(I can hear a bald eagle chirping outside my window while I type this - I live in a beautiful place)
Seems like a month since I've posted here. If I'm honest, I've been ruminating on deeper stuff, like "Am I really trans or is this just a fetish that I've taken to an extreme?" You know, impostor syndrome stuff.
But I went to electrolysis yesterday and my tech cleared a lot of dark hairs on my chin and it made me euphoric. Sometimes, I go there in girl mode, then stop at the grocery store on the way home with a pink face mask to cover the redness and remaining stubble. In yesterday's case, I wore one of my new Victoria's Secret push-up bras and a cute top, along with tight jeans and a some jewelry. I feel a little less awkward and nervous every time I do this.
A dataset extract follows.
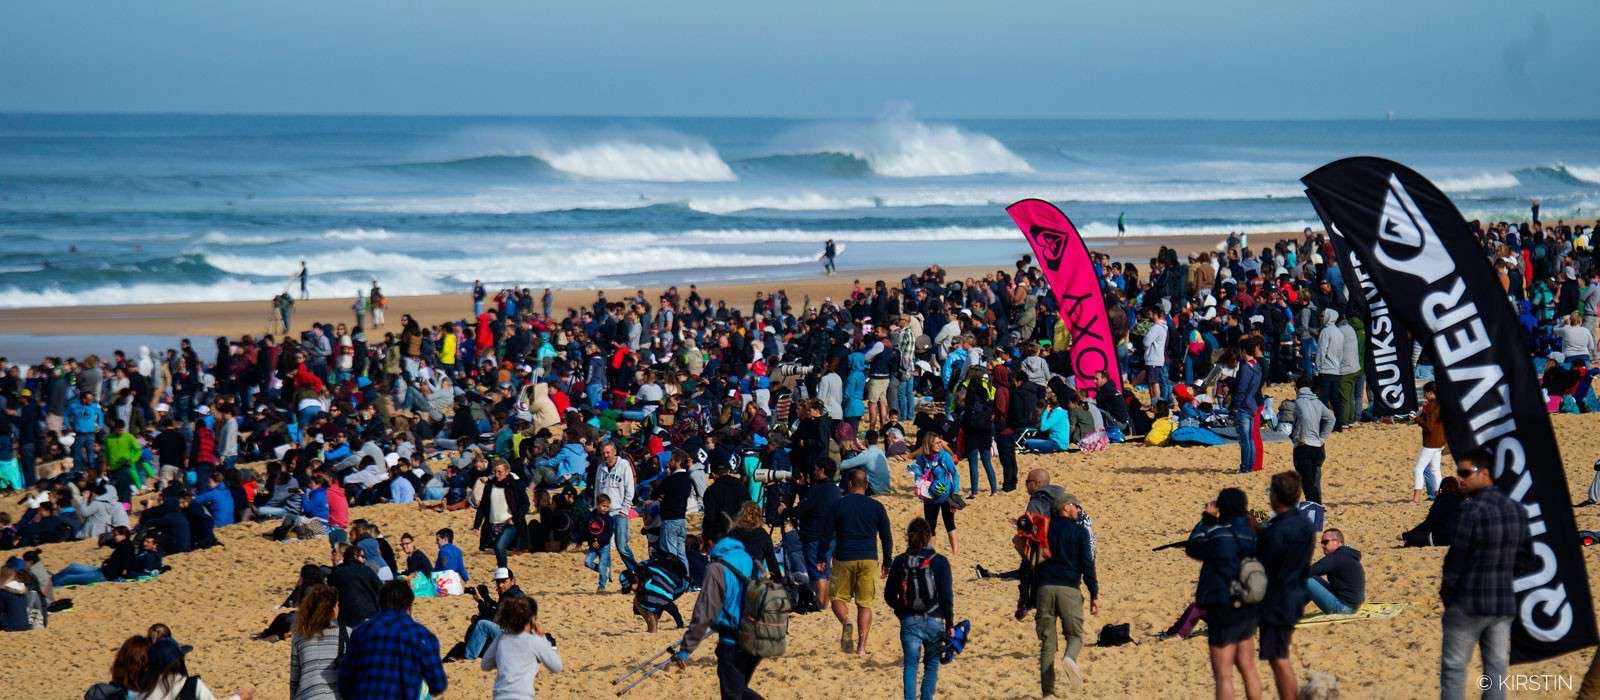 13-facts-about-quiksilver-pro-surfing-competition
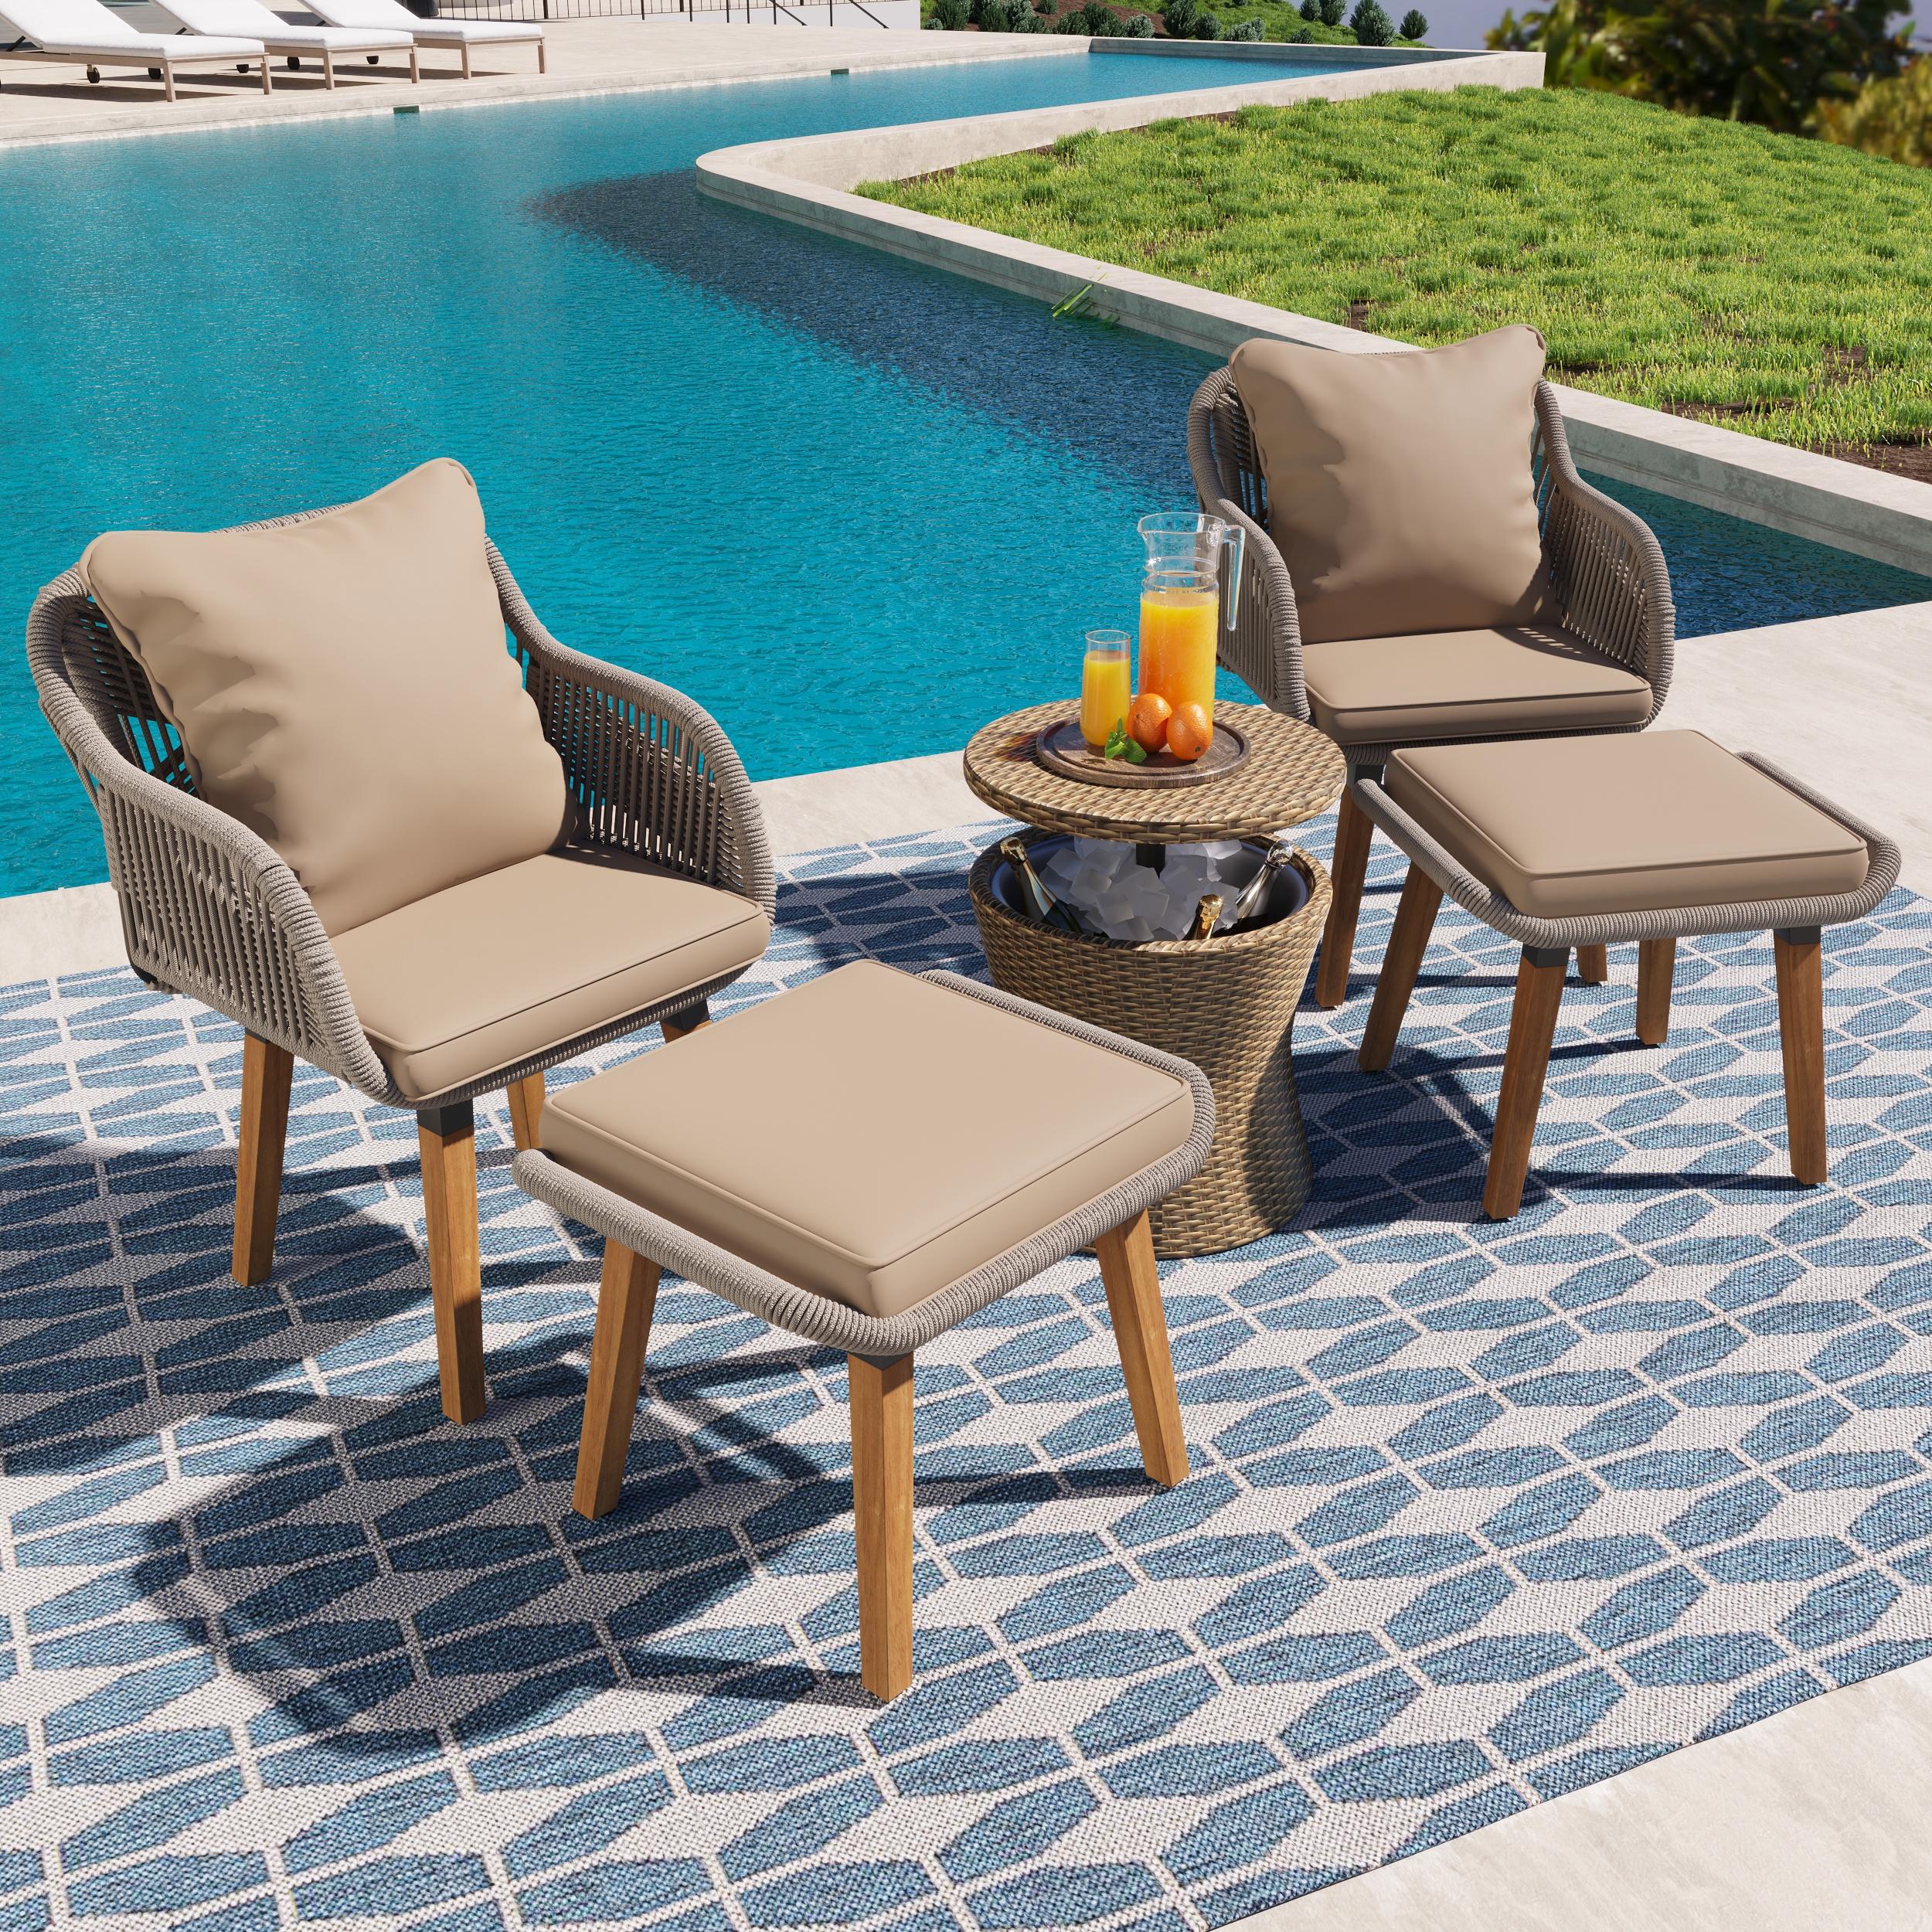 SYNGAR Patio Wicker Chairs Set, 5 PCS Patio Furniture Set with Coffee Table, Ottoman Footrest and Blue Cushions, Outside Sectional Sofa Set, Porch Balcony Lawn Pool Conversation Set, GE034 - image 1 of 11

Yesterday's top was black, so I wore a black scrunchie and watchband but today's is white, so I color-matched those bits again. I shaved my chin this morning and put some primer, foundation, mascara and lipstick on and when I wasn't in bad lighting, I thought I looked pretty cute, which was nice.
But I still hide in the neighborhood. I had a baggy shirt with me so I could get out of my car and retrieve my mail without tipping my hand. If I'm dressed in a revealing top (anything other than a hoodie) I keep a baggie shirt nearby at all times, in case someone knocks at the door. But I do get a tiny bit braver by the day.
I'm continuing to look at a career as an electrologist. I have been working hard to bolster sales for my business but I'd like to significantly increase my income. I discussed it a bit further with my electro tech while she worked on me yesterday. She thinks I'll be good at it and says it's not hard to get clients. It's an AI-proof career during a time when so many are in danger of losing their jobs due to AI. I was listening to a Bernie Sanders interview this morning in which he expressed his concerns about the lack of oversight and regulations on AI. "If a 50 year old truck driver loses his job to self-driving trucks, what is he going to do for work when so many others are losing their jobs at the same time?" This is really something to think about when considering a career these days.
There are very few electrologists near me and there always seems to be more clients than practitioners. It will require about a $30k investment and about 6 months of training and preparation. Since I live in a pretty conservative area, I'd probably put "trans-owned" on my website and Google local listing in order to weed out people who don't think I should exist. Of course, this could easily out me to someone in my own neighborhood if any neighbors should happen to look for this service, but it's a step I'd be willing to take.